### EXERCISE AIM
Ignoring every picture, return the lines of the listing below word for word, from the line that holds "Boat, Ship, Steamship, Cartoon, Boat, Steam" through the line that holds "Title: Felipe II".

### INFORMATION PROVIDED
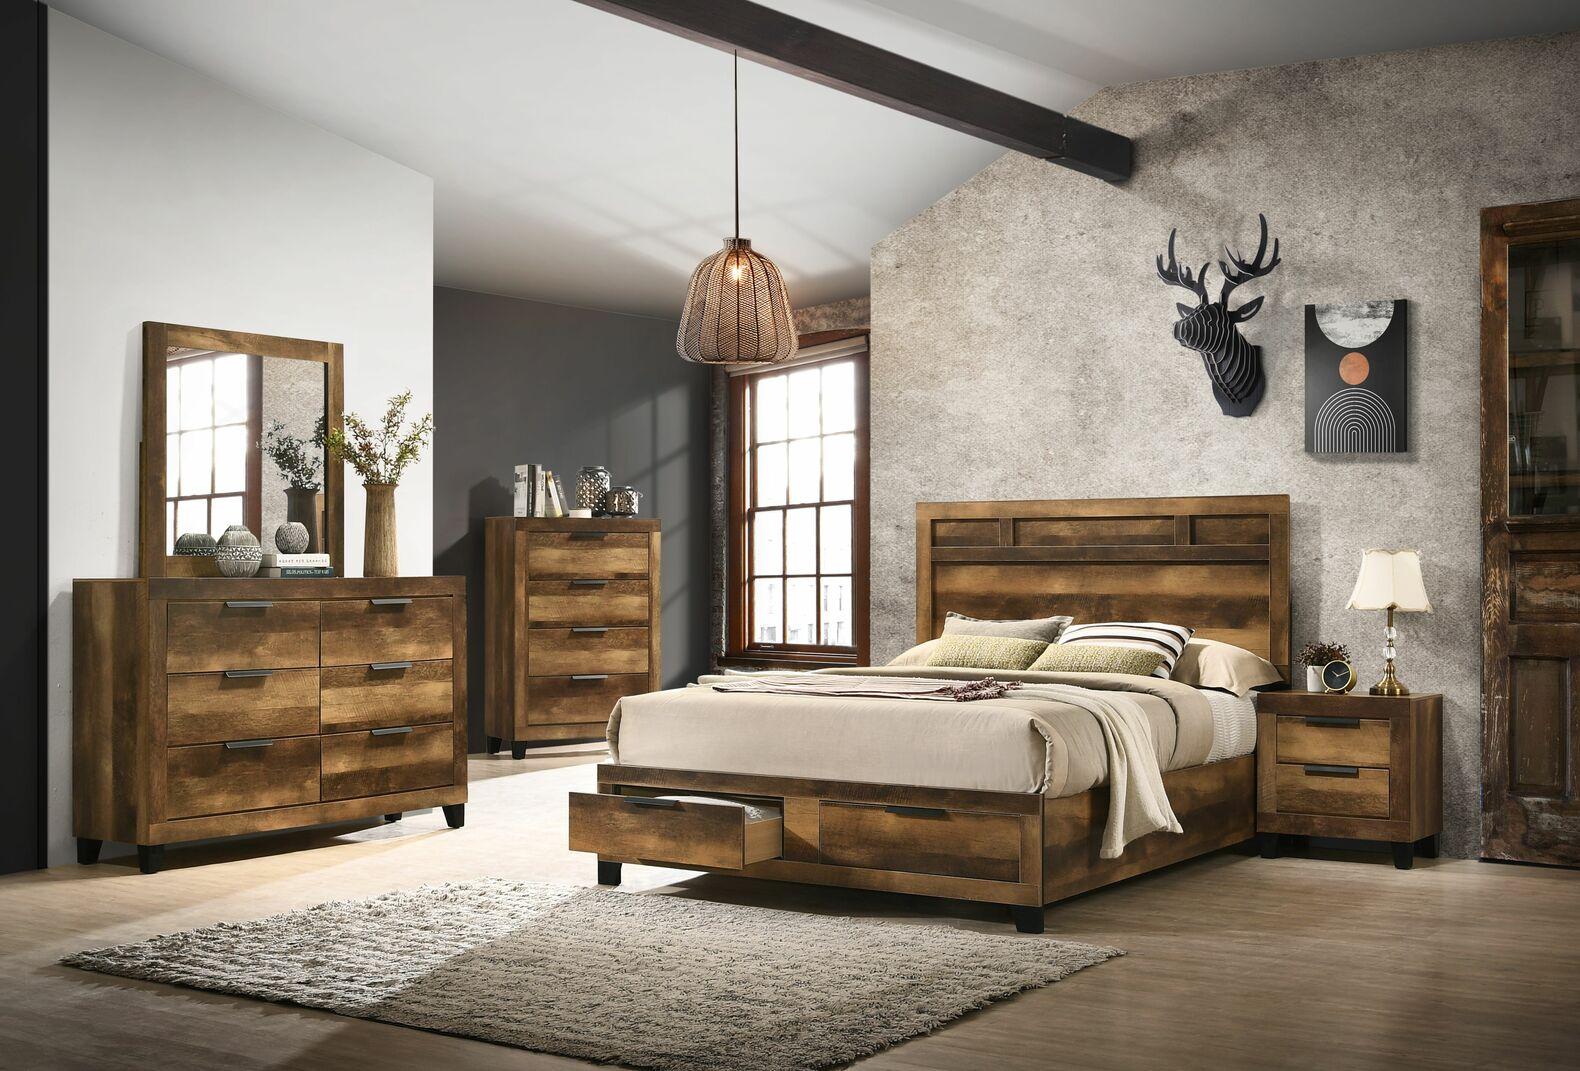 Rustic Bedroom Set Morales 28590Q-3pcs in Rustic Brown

* * *

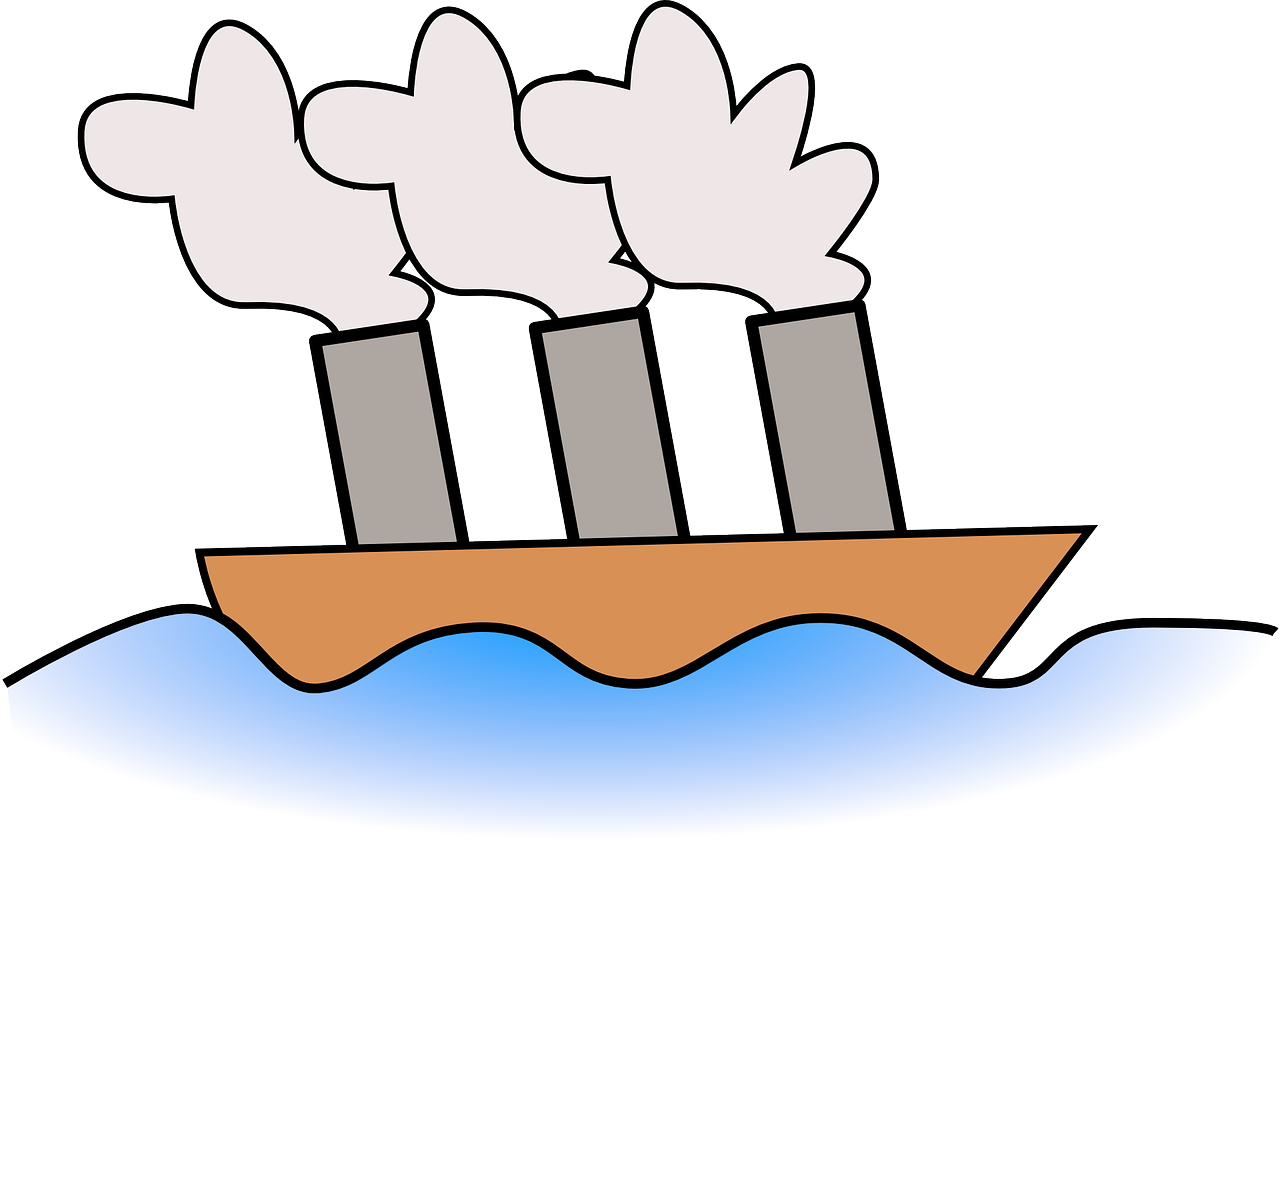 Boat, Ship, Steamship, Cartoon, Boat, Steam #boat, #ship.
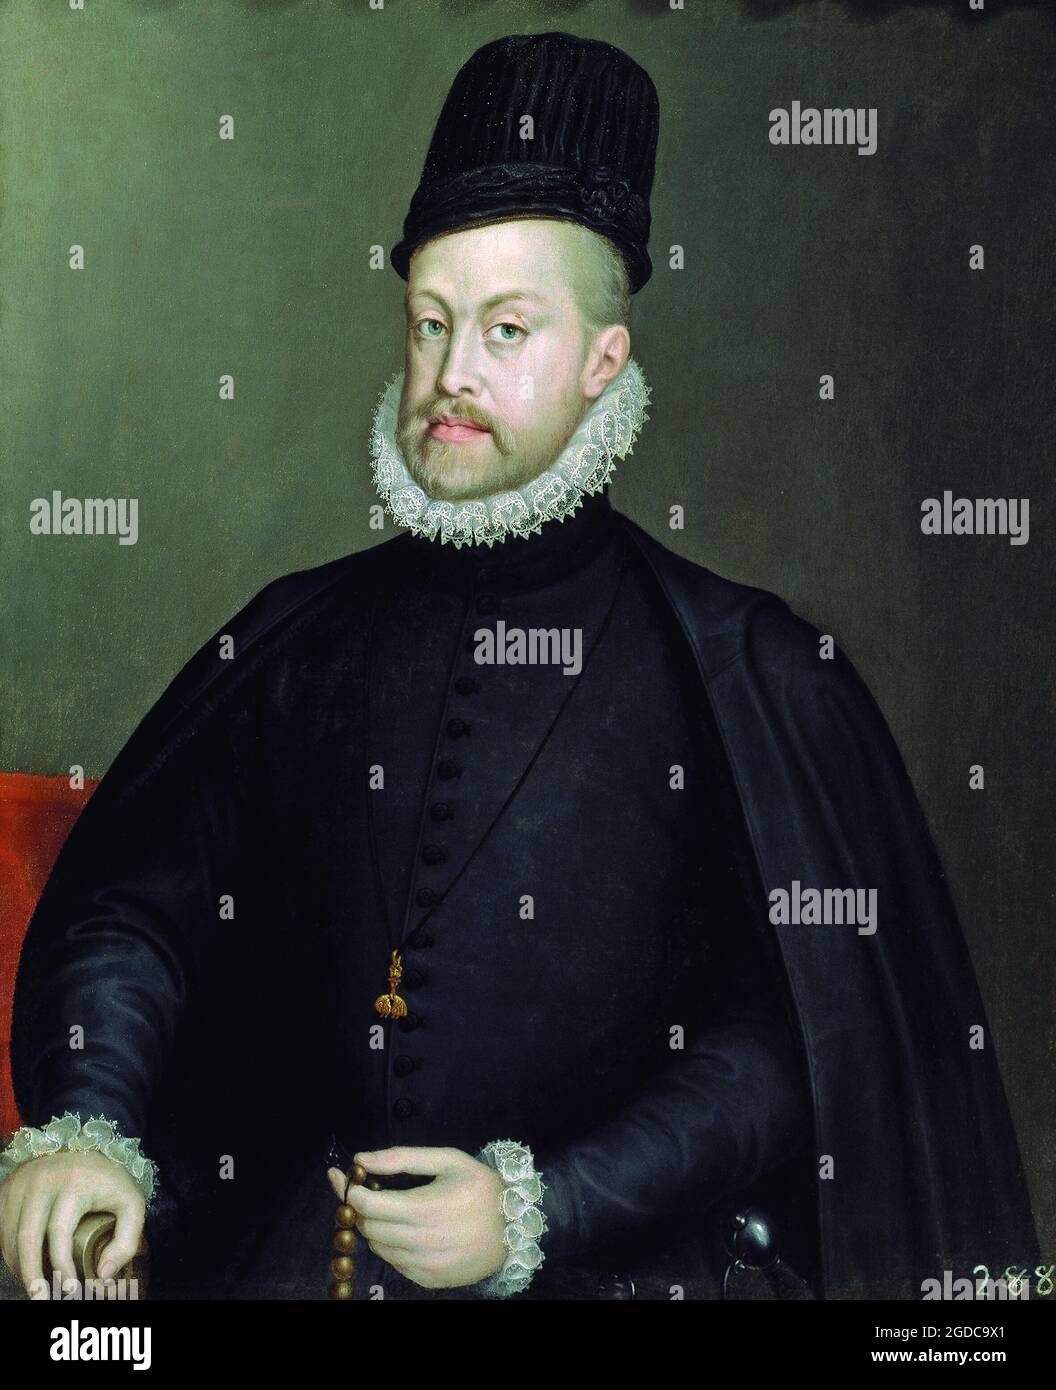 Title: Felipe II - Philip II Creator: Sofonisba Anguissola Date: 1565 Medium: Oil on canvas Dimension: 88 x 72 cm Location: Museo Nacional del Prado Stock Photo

### YOUR RESPONSE
 Boat, Ship, Steamship, Cartoon, Boat, Steam #boat, #ship.
 Title: Felipe II - Philip II Creator: Sofonisba Anguissola Date: 1565 Medium: Oil on canvas Dimension: 88 x 72 cm Location: Museo Nacional del Prado Stock Photo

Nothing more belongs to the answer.